TRADITIONAL KNOWLEDGE DISCLOSURE AND DIGITAL INNOVATION ACCOUNTABILITY IN EMERGING ECONOMIES
Authors
Abstract
Background: Traditional knowledge has increasingly attracted policy attention within emerging
economies due to its relevance to biodiversity, indigenous innovation, cultural identity, and sustainable livelihoods. Yet, corporate utilisation of traditional knowledge in product development and supply chain sourcing raises accountability concerns, particularly when digital innovation accelerates data extraction, algorithmic commodification, and cross border commercialisation.
Aim: This study examined how traditional knowledge disclosure influences digital innovation accountability among firms in emerging economies, while assessing whether governance mechanisms strengthen transparency and responsible digitalisation of indigenous resources.

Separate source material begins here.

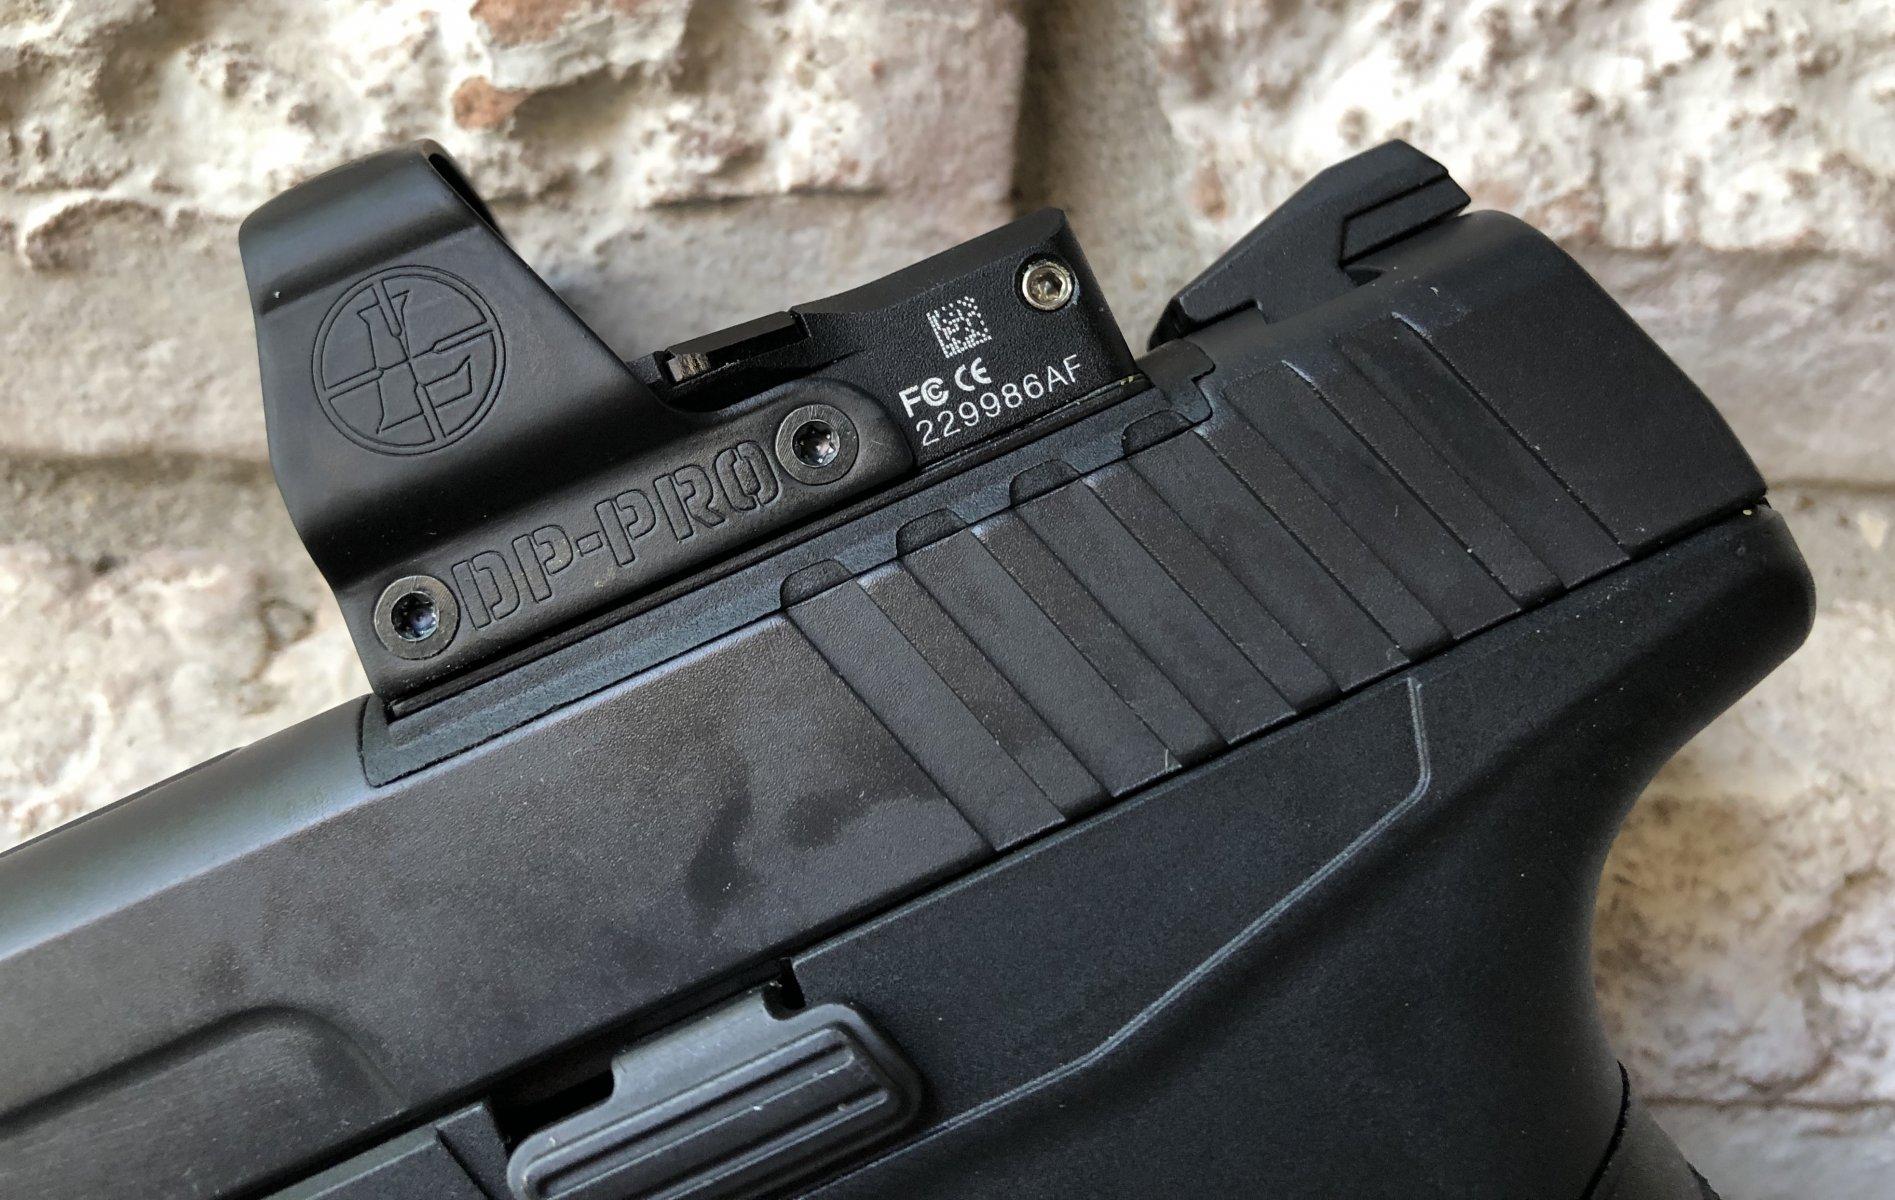 335A7508-A41D-4597-A0D7-F82CF9995431.jpeg

Methodology: The study adopted an ex post facto design using balanced panel data from 72 listed non financial firms across Nigeria, Kenya, South Africa, and Tanzania covering 2014 to 2024. Traditional knowledge disclosure was measured using a structured index capturing reporting on community engagement, benefit sharing, intellectual property safeguards, and indigenous consent processes. Digital innovation accountability was operationalised through disclosures on data ethics, algorithmic governance, cybersecurity controls, and innovation risk oversight. Data were analysed using descriptive statistics, correlation analysis, fixed effects regression, and robust regression for sensitivity.
Findings: Traditional knowledge disclosure showed a positive and statistically significant association with digital innovation accountability, indicating that firms reporting community consent and benefit sharing practices are more likely to strengthen ethical digital governance and innovation risk control. Governance quality, proxied by audit committee diligence and board independence, significantly strengthened the relationship, suggesting that responsible reporting on indigenous resources improves when oversight structures are active. However, disclosure quality varied substantially across countries, reflecting uneven regulatory enforcement and heterogeneous stakeholder pressure. Contributions: The study contributes to sustainability reporting and digital accountability literature by extending disclosure research to traditional knowledge governance, a neglected domain in corporate
reporting within emerging economies. It provides evidence that ethical management of indigenous knowledge resources is increasingly interconnected with digital innovation systems and risk governance.
Recommendations
Regulators: Develop traditional knowledge disclosure guidance that integrates indigenous benefit sharing expectations with digital governance requirements.
Firms: Embed indigenous consent, benefit sharing, and knowledge protection into innovation governance frameworks and board oversight.
Researchers: Incorporate qualitative validation, assurance mechanisms, and sectoral analysis to assess whether reported practices reflect substantive accountability.